There were actually two games that loaded the correct game scheme automatically: Bad Street Brawler and Super Glove Ball. I own Super Glove Ball, and while it’s a shitty-ass game, it’s an excellent tech-demo. Basically, it’s a 3D breakout clone, but because it was made by Rare, they included a shit ton of things you need to shoot and collect that make no goddamn sense. The thing that makes it kind of fun (for maybe 30 seconds) is that because it’s 3D, you can move up, down, left, right, and if you move your hand towards or away from the TV, the on-screen gauntlet follows your movement in the 3D padded room. Grip slightly, and the virtual hand grips too. After you play with the game for a while, shooting starfish and shit, you realize that it’s incredibly repetitive and boring and you turn it off. It is essentially a proto-Wii Sports, but much, much more lonesome.
So, as a wrap up of how it works, you turn the NES on, center it by pressing a button on the top of the Glove, and input a code. Depending on the code, the system will recognize certain gestures and finger squeezes as being differing inputs, and you play the game as best as you can. These last two sentences? Failure to understand these important bits of knowledge is probably about 80% of why the Power Glove is seen as being so crappy. On the initial boot-up, the controller starts with Program 1, which was made for side-scrolling, run-and-shoot games, and as such, if you bend any of your last three fingers, the game assumes you want to “turn and shoot.” This makes playing Super Mario Bros a little tough for the layman owner of the Power Glove. No, if you want to play SMB, you want program 12, which actually offers the ability to walk forward slowly left or right! Again, if this is a tough thing for you, this “reading of the manual,” shut the fuck up.

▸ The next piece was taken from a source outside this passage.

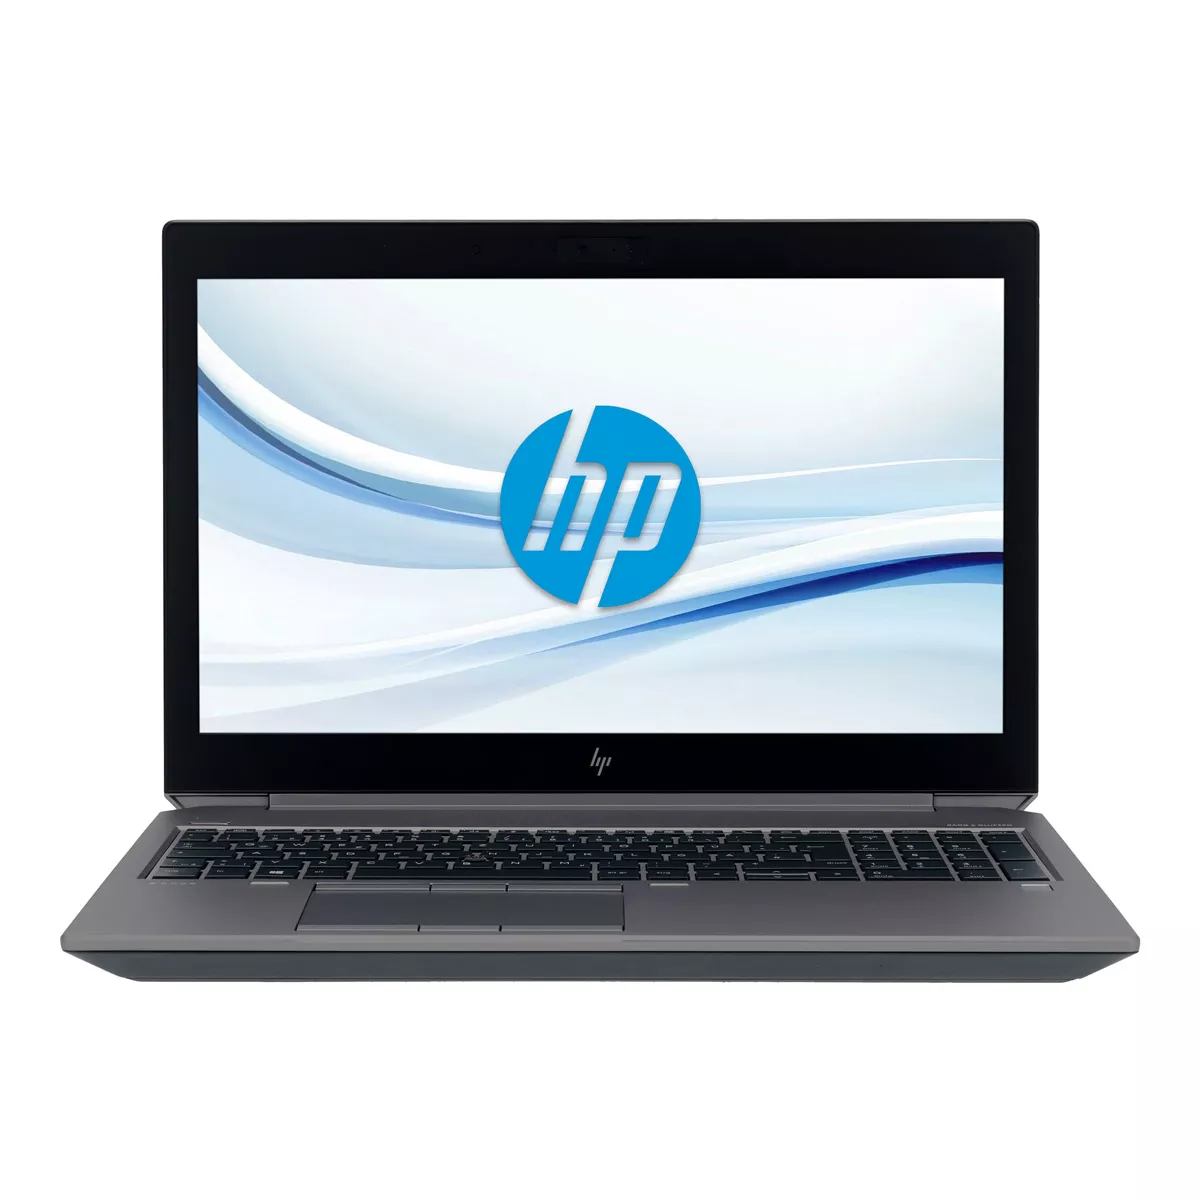 HP ZBook 15 G5 Core i7 8750H nVidia Quadro P1000M 512 GB M.2 nVME SSD Webcam A

So, the other 20% of the Power Glove’s problems is that most people assume that it’s really, really unresponsive. I will admit, here, that it’s nowhere as good as using a regular controller. But the Power Glove is actually a lot better than it’s made out to be. See, another little detail most people don’t know about is that on the sensor bar are a set of lights that indicate what you are inputting. There is a diamond of lights for the control pad inputs, and an A and B light. If your hand is right of your self-defined center position, then the rightmost light will turn on. Are you inputting up? The top light turns on. By watching this out of the corner of your eye, you actually stand a good chance of doing well in the game instead of awkwardly stumbling around. You can control Mario a lot better with the Power Glove than The Big Blue Boy Scout in Superman 64 using a control stick. Mattel even programmed in a program where the Glove beeps when you are not centered, so you don’t even have to look!
If that paragraph was too long, I am going to restate my controversial claim: The Power Glove controls well.
Now, you look like a goddamn retard when you’re playing, so whatever. You win some, you lose some.
What I really like about the Power Glove is what I’ve been hinting at the entire time, which is that the Power Glove is like the Wii in a lot of ways. Yes, the Power Glove isn’t as technically fancy as the Wii Remote, but it’s fun to play video games in new ways. In the above-linked video I did have a really fun time, no matter the fact that I resemble a moronic cat who just saw a laser on the wall. Video games don’t always have to be about a controller in your hand. They can be about a big gray robo-glove from the future. And yeah, sometimes the glove doesn’t respond as well as it should, but the same goes for the Wii Remote, and in the end I figure, it’s not brain surgery. If the Rad Racermobile crashes, nobody dies. Not even the titular rad racer. I’ve played enough shitty games to have a kind of thick skin to video game failure. Also, it’s kind of trite to blame the controller. Sometimes, it’s just you.
So, I like the Power Glove. I think it’s a fun peripheral that puts a new spin on some of your older games. If you use it correctly, it is actually quite functional. It doesn’t beat the standard NES controller, but it could be worse. Like, it could randomly kill one human being every time you use it. Or, it could be the original X-Box controller. There’s a timely joke!